Новый Мир ( № 9 2012)
Шрифт:
Викуся так и говорила — мы.
— Думали, Лерочке с ним будет хорошо. И вопрос фамилии — мог бы понять! Мамо! — передразнила и вдруг бодро: — Ничего. Мне, Оренька, недолго, совсем недолго осталось, семьдесят, но по-дамскому счету. Вам могу сказать, знаете, Оренька, в двадцатых мы, дуры, потеряв последнее, еще и лукавили с возрастом. А надо с фамилией было что-то делать, но вокруг — латыши, венгры, немцы, китайцы. Евреи, конечно. Американцы даже. Интернационал! В голову не приходило, что может начаться такое. Вот я считаю, теперь мне нужно потерять паспорт, а потом сказать, что в паспорте была ошибка. Так, Оренька? Но я почему-то боюсь терять. Откладываю. И Лерочка против. Чего-то ждем. Хотя чего ждать?
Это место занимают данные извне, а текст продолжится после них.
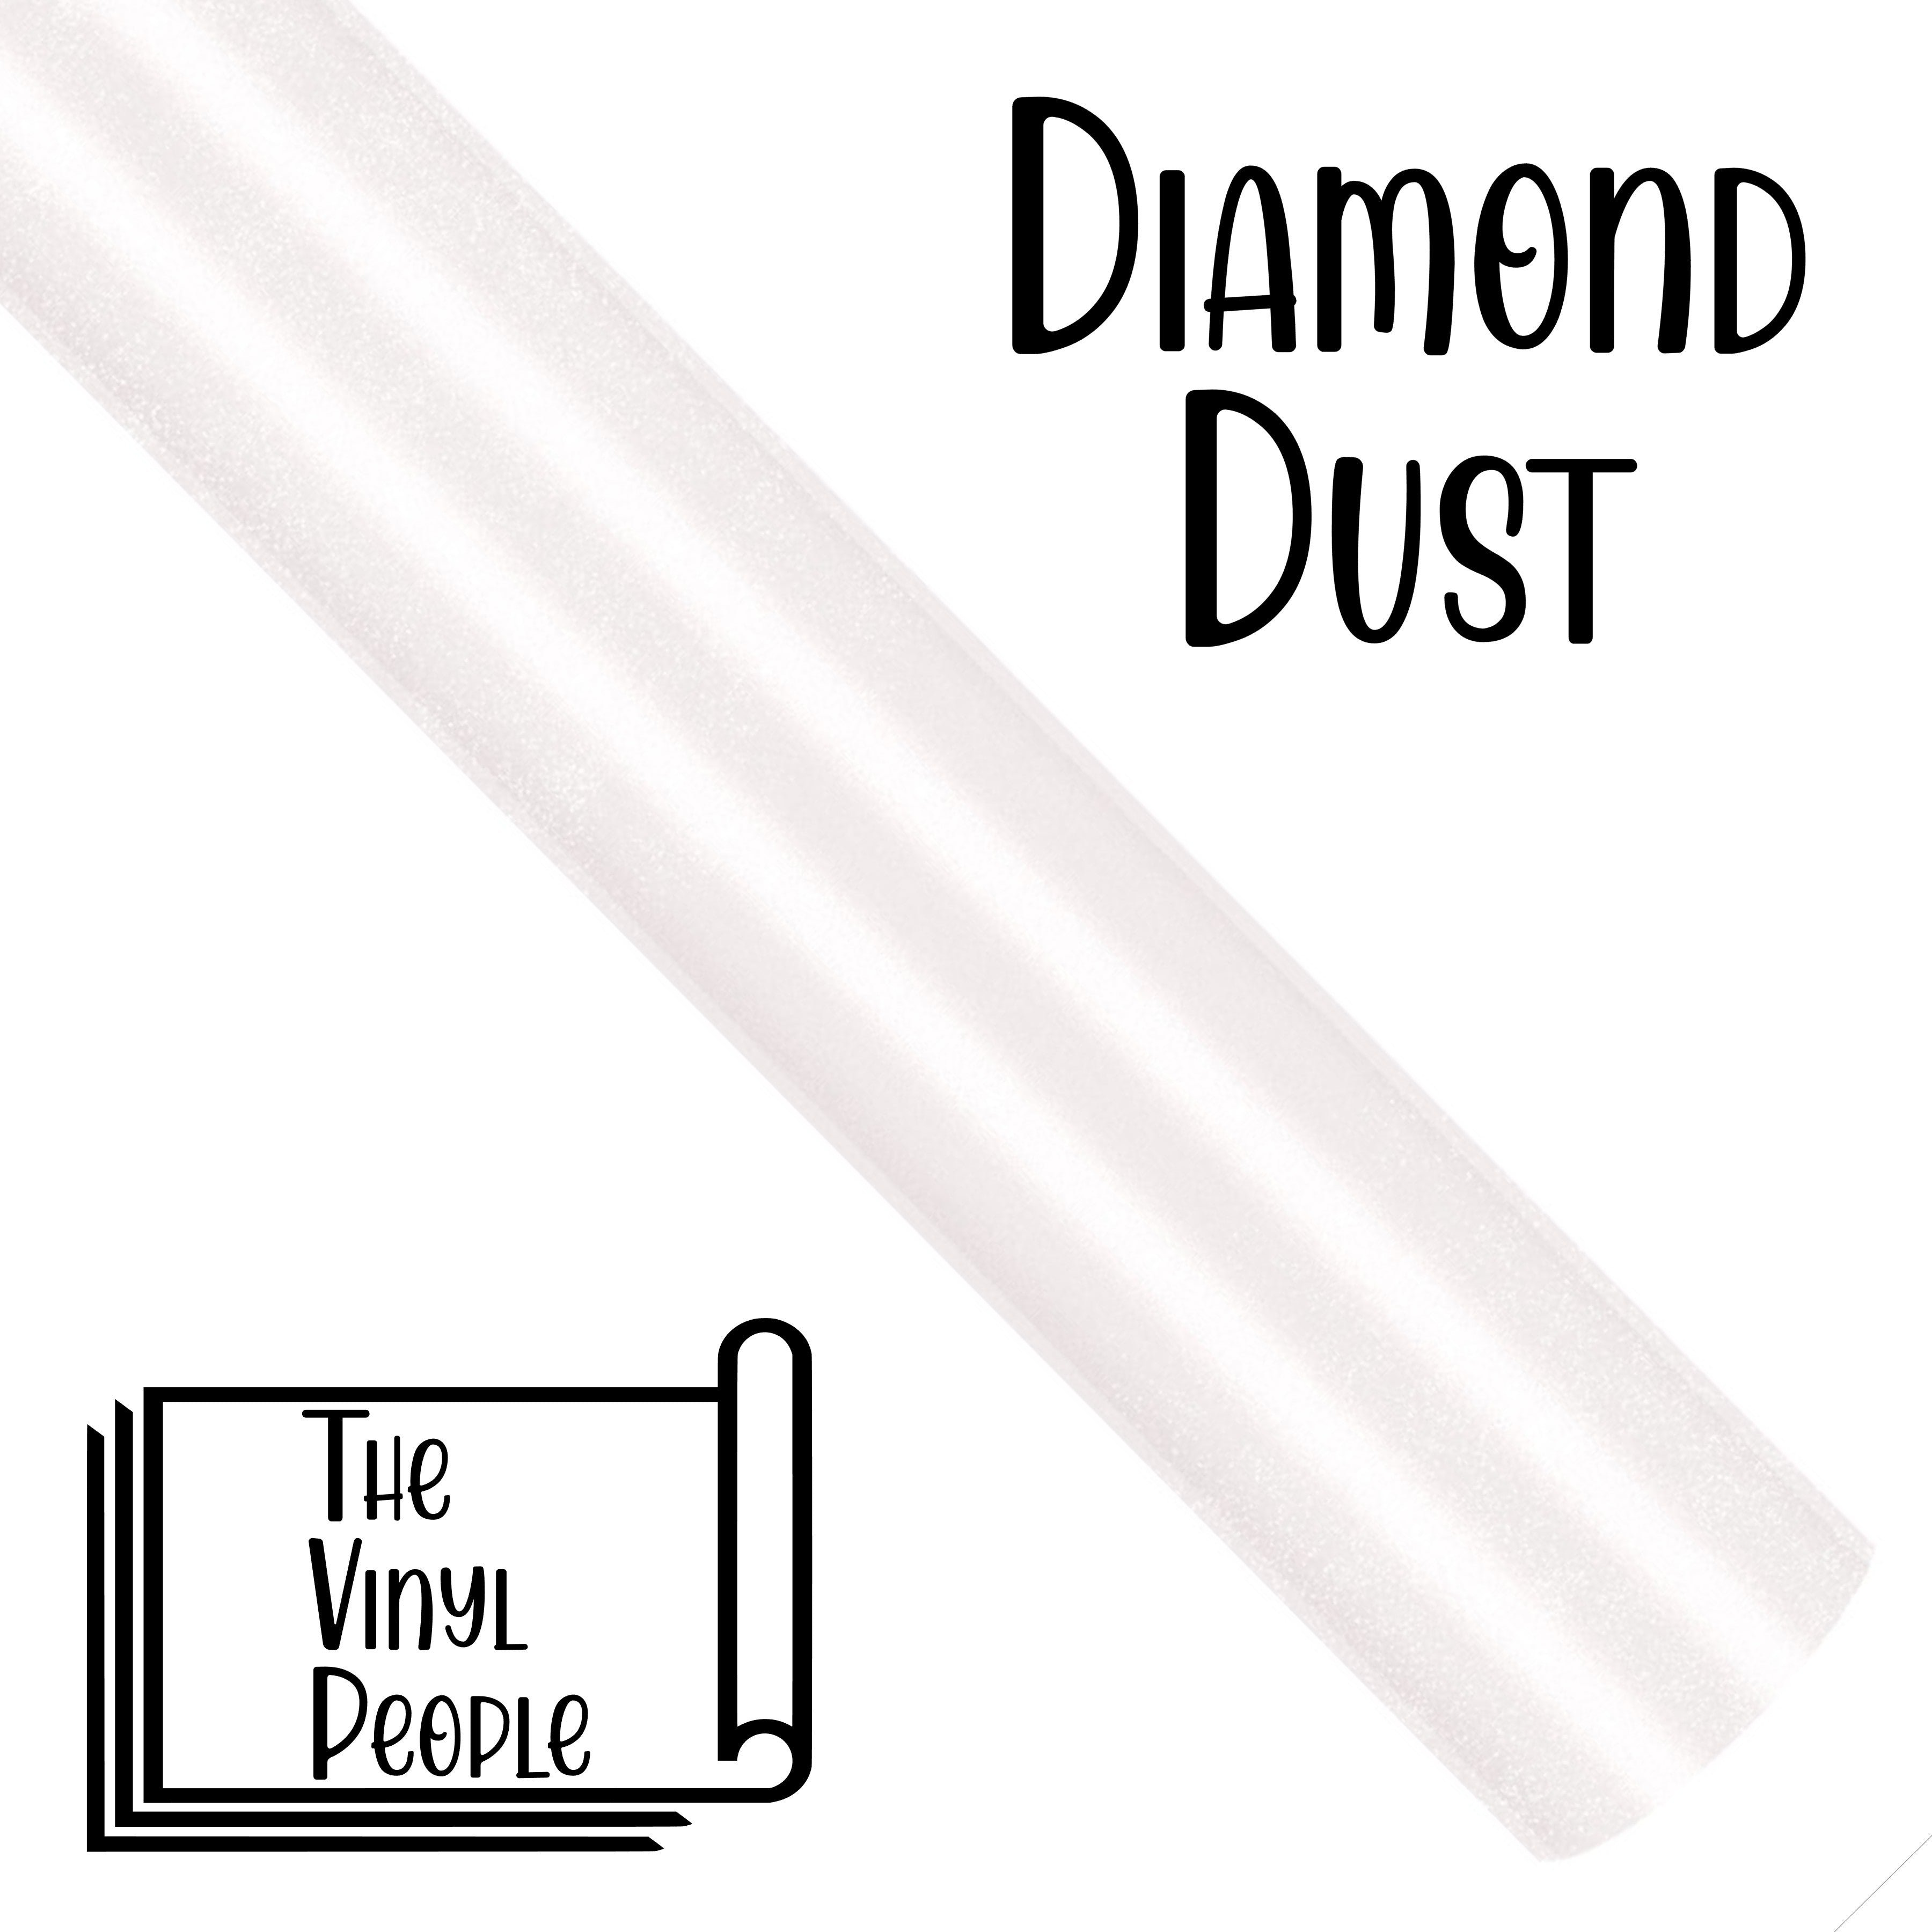 Diamond Dust - 12" x 24" roll

И взяла его руку в свои ладошки, и сжала крепко, и глядела, как девочка, на него снизу вверх и не отпуская. А он только сейчас рассмотрел, как постарела Викуся за эти несколько лет, в которые погиб Доктор.
А Викуся только губами, без звука:
— Вам можно в Москве?
Кивнул:
— Наверное, чудо — выдали ключи. И привезли Заю на черной эмке. Она все эти годы жила на даче, в Мамонтовке, ее не тронули, но я до сих пор не знаю ничего про Шурочку. Хотя мне обещали, даже заверили…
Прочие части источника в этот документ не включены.